Хозяина не было дома, а Лугиниха-барыня после пугачевцев похитрей стала. Вроде, как заигрывать с работными принялась. Добренькой захотела показаться. Кого-то из девушек ситцем одарила, самым молоденьким приказала нарезать ленты в косы.
И вот. Увидела Лугиниха в окошко, что девушки с парнями за воротами резвятся, тут же вышла на крыльцо и сладко так проговорила:
— Вы бы песни попели, а я послушаю вас.
Удивились девушки и парни такому чуду и поначалу несмело запели, а потом допоздна их голоса будили горы.
Говорят, кто хочет за кем-нибудь заприметить, непременно заприметит. Хоть и спала все время тетка Аграфена, а углядела, что Дарья, скромница из скромниц, ласково посматривает на Степана. А когда он зачастил к ним, не выдержала тетка и сказала Дарье:
— Небось, твой лапотник-то скоро сватов пошлет? — и не дождавшись Дарьиного ответа, тут же добавила: — И не думай, девка. Барыня таких, как ты, не отпускает. Самим господам нужны мастерицы. Вот ослабнешь глазами — тогда другое дело. Отдадут сами.
Молчала Дарья. Да и могла ли она что-нибудь в ответ сказать, кроме одного, что говорилось в те годы: «На то господская воля».
Только все же где-то в глубине сердца у нее теплилась надежда на добрый случай, а вдруг барыня согласиться отдать ее за Степана.
«На коленях буду барыню просить, как перед иконой стоять», — думала про себя, не зная, что не одна такая девушка, как она, просила и молила господ — только все без пользы. Так вековухами и остались.
И вот вдруг в самый сенокос, когда все собирались в Урал, к господскому дому подошел Степан. И такой он был печальный, убитый горем, что даже сторож Кузьма, давно уж никого и никогда не жалевший, и то вздохнул, глядя на Степана.
Для порядка Кузьма спросил парня, кого ему надо.
— Дедушка родимый!—сразу же начал Степан. — Пособи, сделай милость. Невеста моя тут робит. Меня в солдаты отдают. Дозволь проститься. Может, и не свидимся боле.
И так просил парень старика, Что размякло дедово сердце. Когда же Степан назвал деда отцом родимым — это его-то, бобыля, — вовсе Кузя подобрел и, хоть мог угодить под плети, за то, что чужого в ограду пускает, открыл заветную для Степана калитку.
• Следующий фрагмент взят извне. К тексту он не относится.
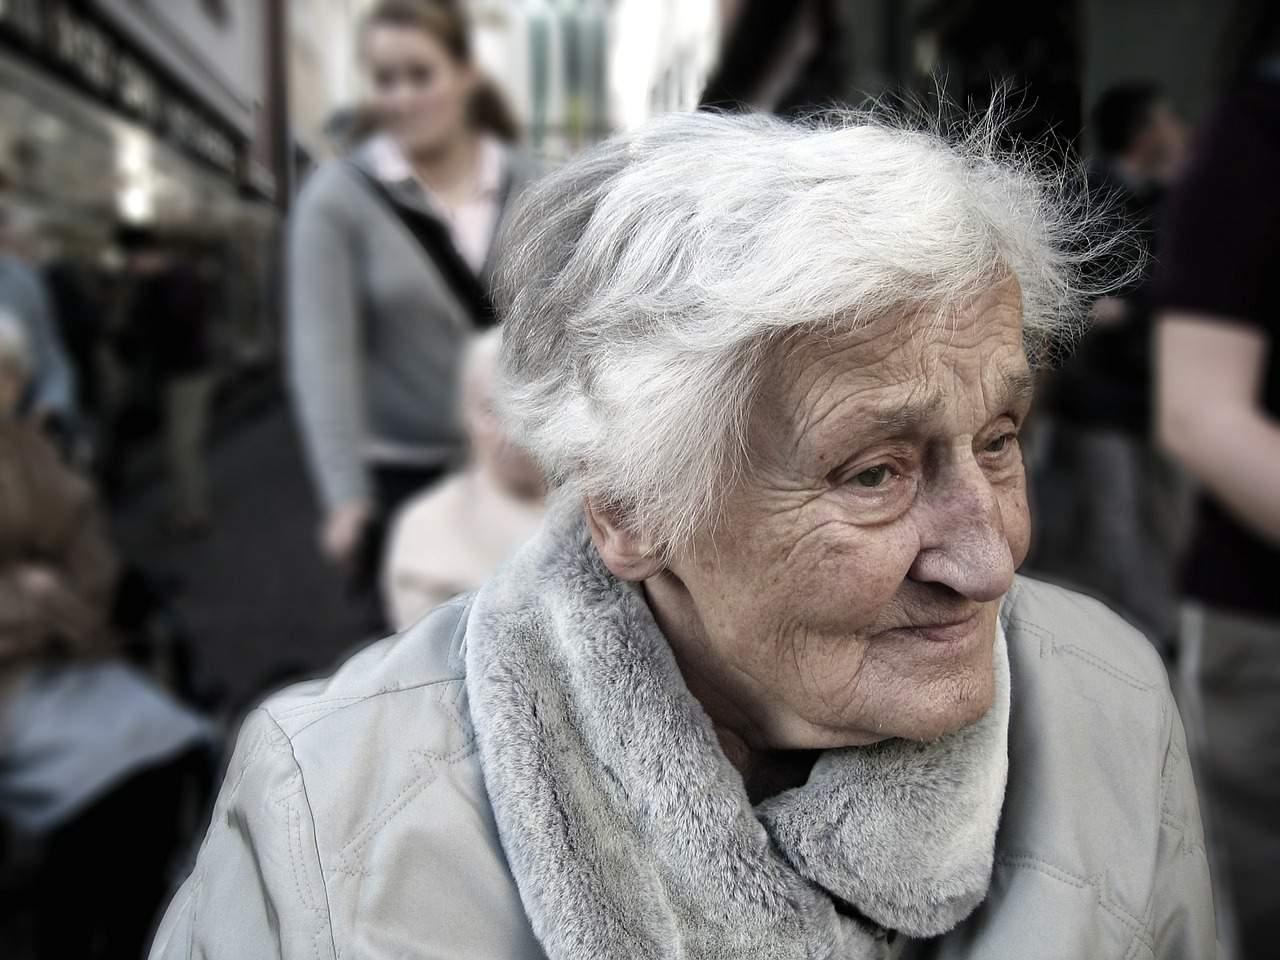 Elderly Old Lady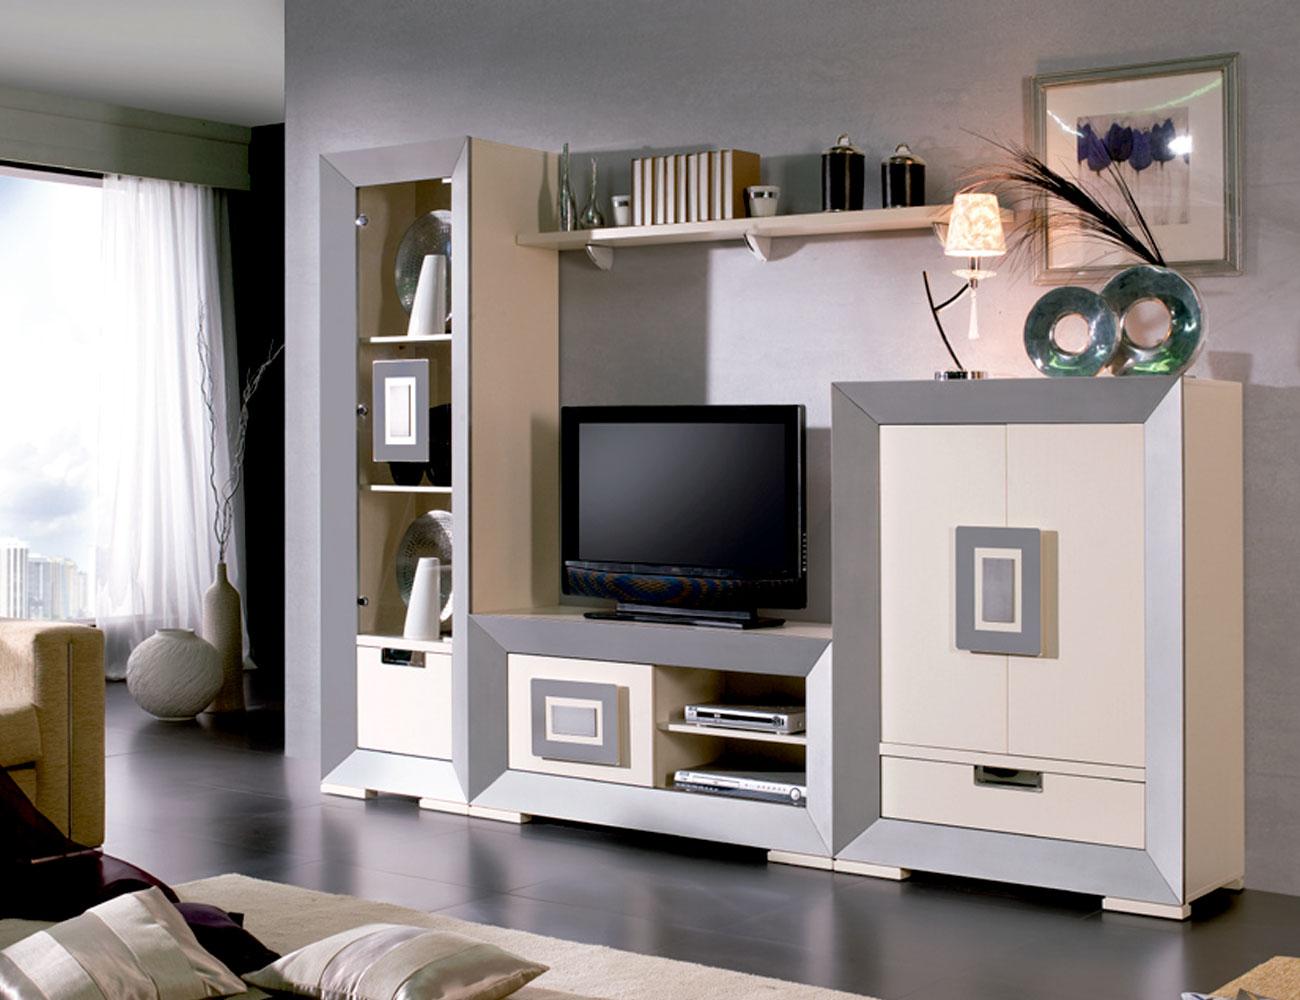 Mueble salon neoclasico color 504 503 tirador acero3

Окликнул девчонку, проходившую по двору, чтобы она Дарью позвала.
А она на помине легкая — тут же вышла из подвала с узелком в руках. Тоже собиралась на покосы. Остановилась. Поглядела на Степана и по его виду поняла, что какая-то беда с ним приключилась.
— Отойдем в сторонку, — тихонько Степан девушке сказал. — Дело есть...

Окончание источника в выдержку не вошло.